Ping me if you want to join the private Matrix room for beta testing, where we already collected some initial feedback from people involved in Nixpkgs security.

@erictapen will work full time on designing and building the user interface for the planned workflows. @raitobezarius will improve the performance of the data ingestion and processing pipeline, @proofconstruction will support us with backend-related tasks, both a couple of hours per week, with assistance from @alejandrosame as needed. @Erethon will latch onto the NixOS infrastructure team to ensure we have the service deployed to nixos.org for demo day.

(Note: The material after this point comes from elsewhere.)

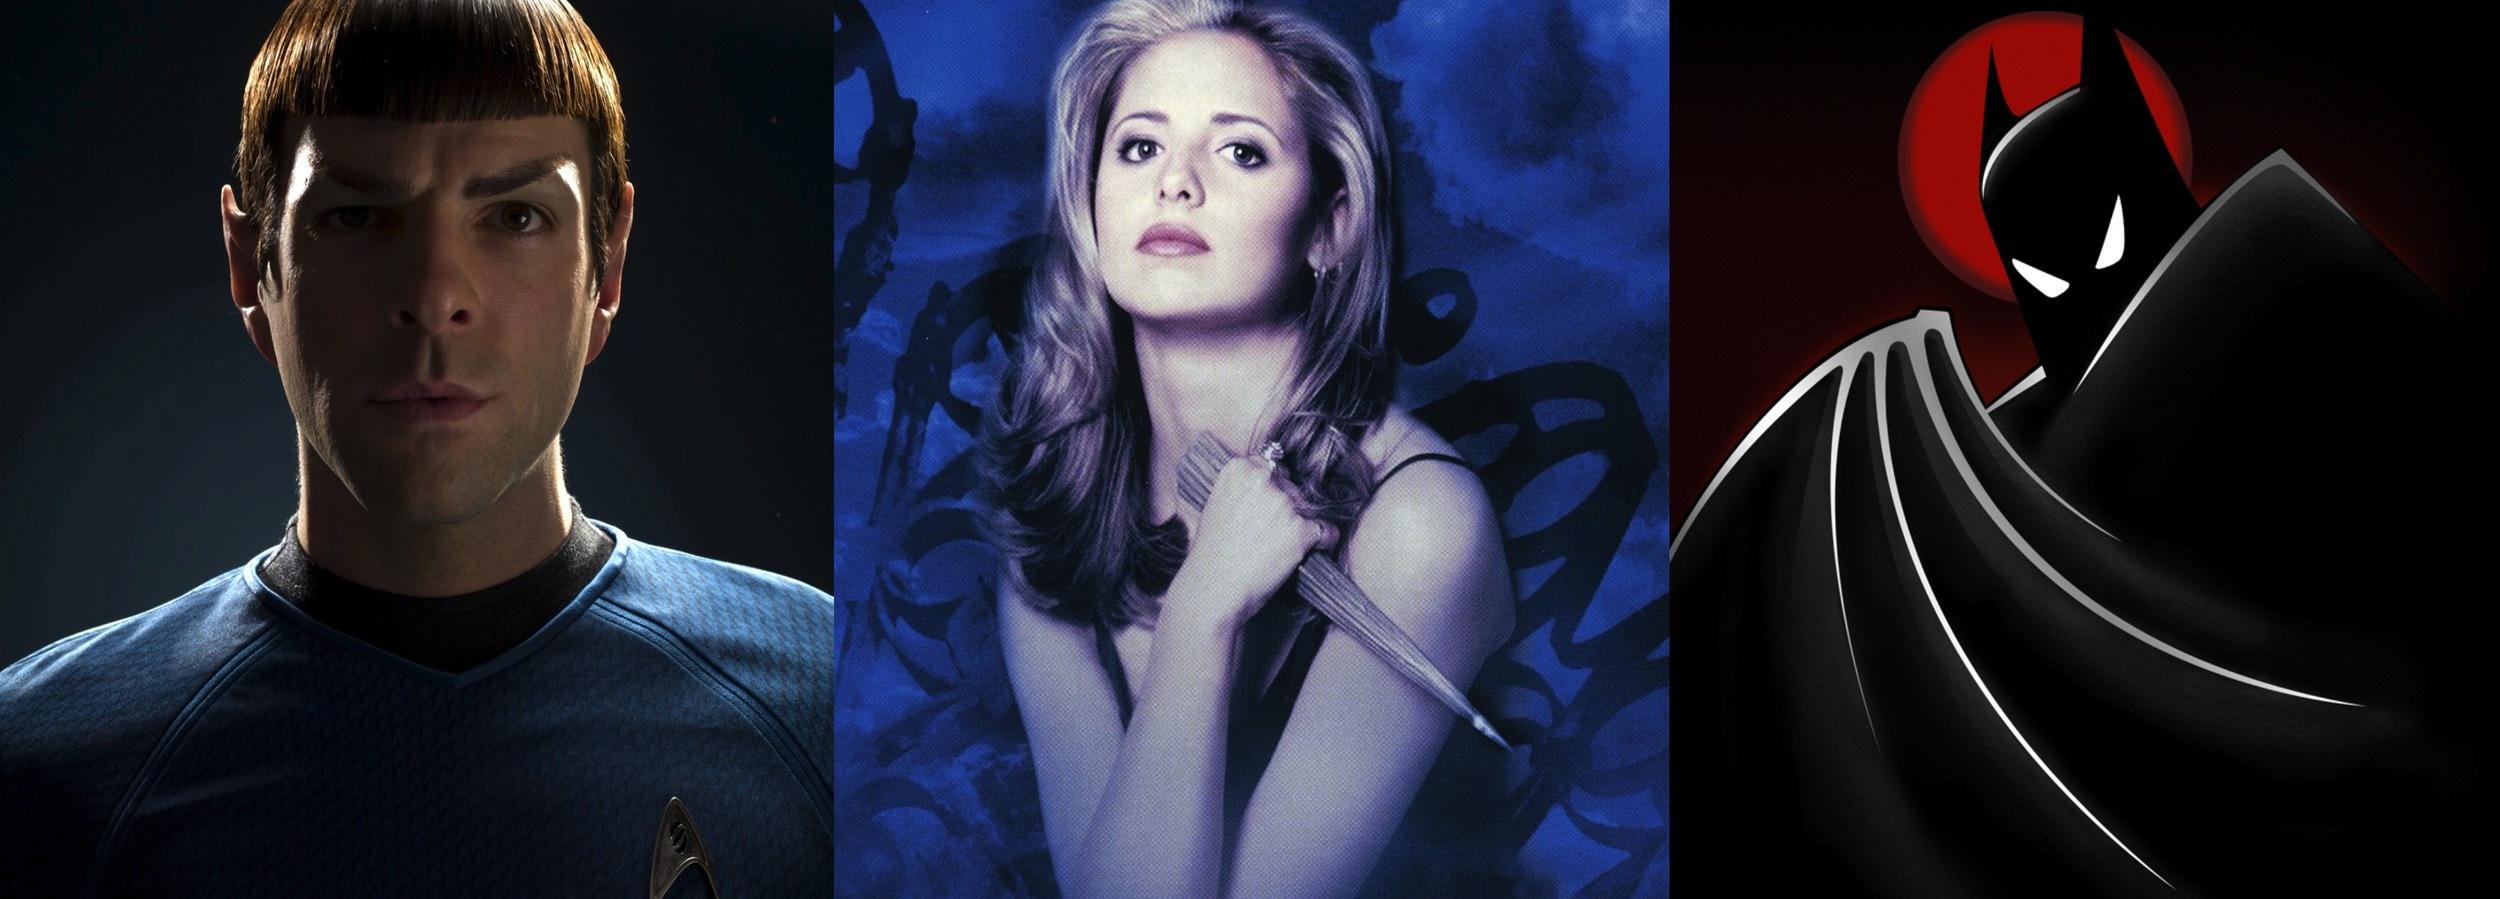 Spock (Star Trek 2009), Buffy the Vampire Slayer, Batman: The Animated Series

This week we have refined the user interactions to a degree where we can break down the implementation requirements into manageable chunks. The general idea is that a vulnerability record goes through three phases:

  1. Initial triaging

    Security team members get presented with a queue of pre-computed suggestions for matching CVEs to Nixpkgs derivations, which they would filter for things to inspect further. We already have most data to do a decent automatic matching, but it needs to be validated by humans, and we expect most of it to be thrown away. The aspirational goal is to make it convenient enough to ultimately reach “inbox zero”.

  2. Draft

    An automatic match will never be perfect, so a record needs to be adjusted. Many CVEs we get have duplicates, the contained information is often coarse or ambiguous, so the security team will have to check and possibly correct which derivations it applies to before publishing the record.

  3. Mitigation

    Once a draft is ready, it should be published as a GitHub issue where all affected maintainers are pinged. The usual workflow continues from there. Once the issue is closed, the vulnerability record is archived automatically.

You can follow progress in the milestones on GitHub.

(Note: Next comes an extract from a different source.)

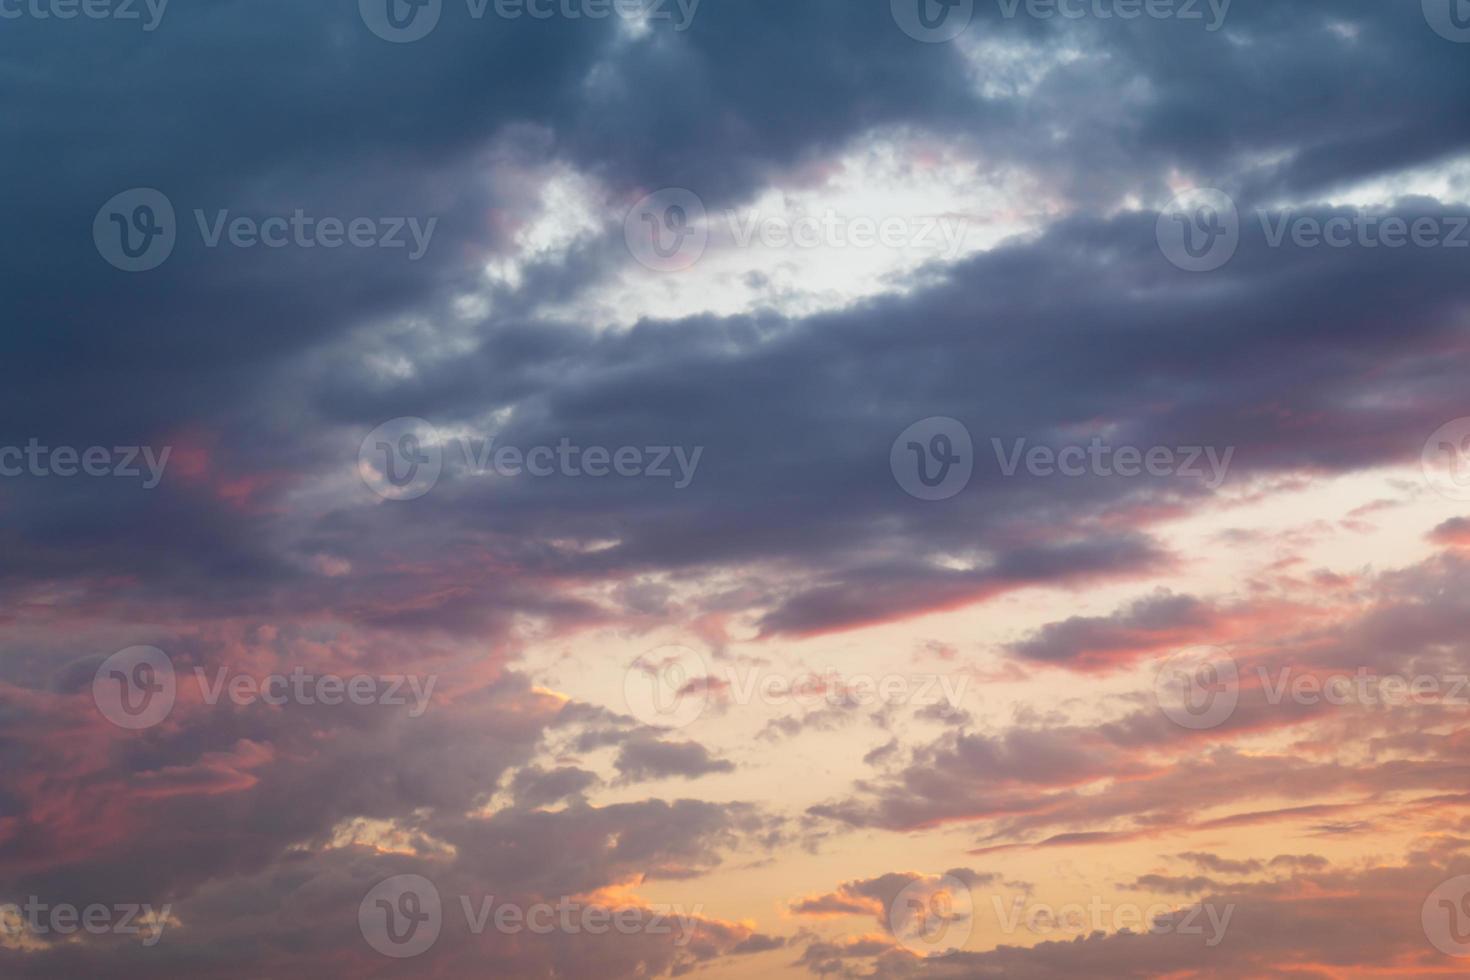 bewolkte hemel bij zonsondergang achtergrond foto

We have a bunch of obvious refinements for these workflows in the backlog, such as smoother, structured searching and filtering for CVEs and derivations, and periodic notifications for security team members and maintainers, but those are currently not prioritised. We’ll focus on enabling the essential user stories for now.

On using GitHub dependency submissions

@sambacha Thanks for the pointer. I’ve investigated the possibility of offloading advisory handling to GitHub, and doing that can be at best considered future work.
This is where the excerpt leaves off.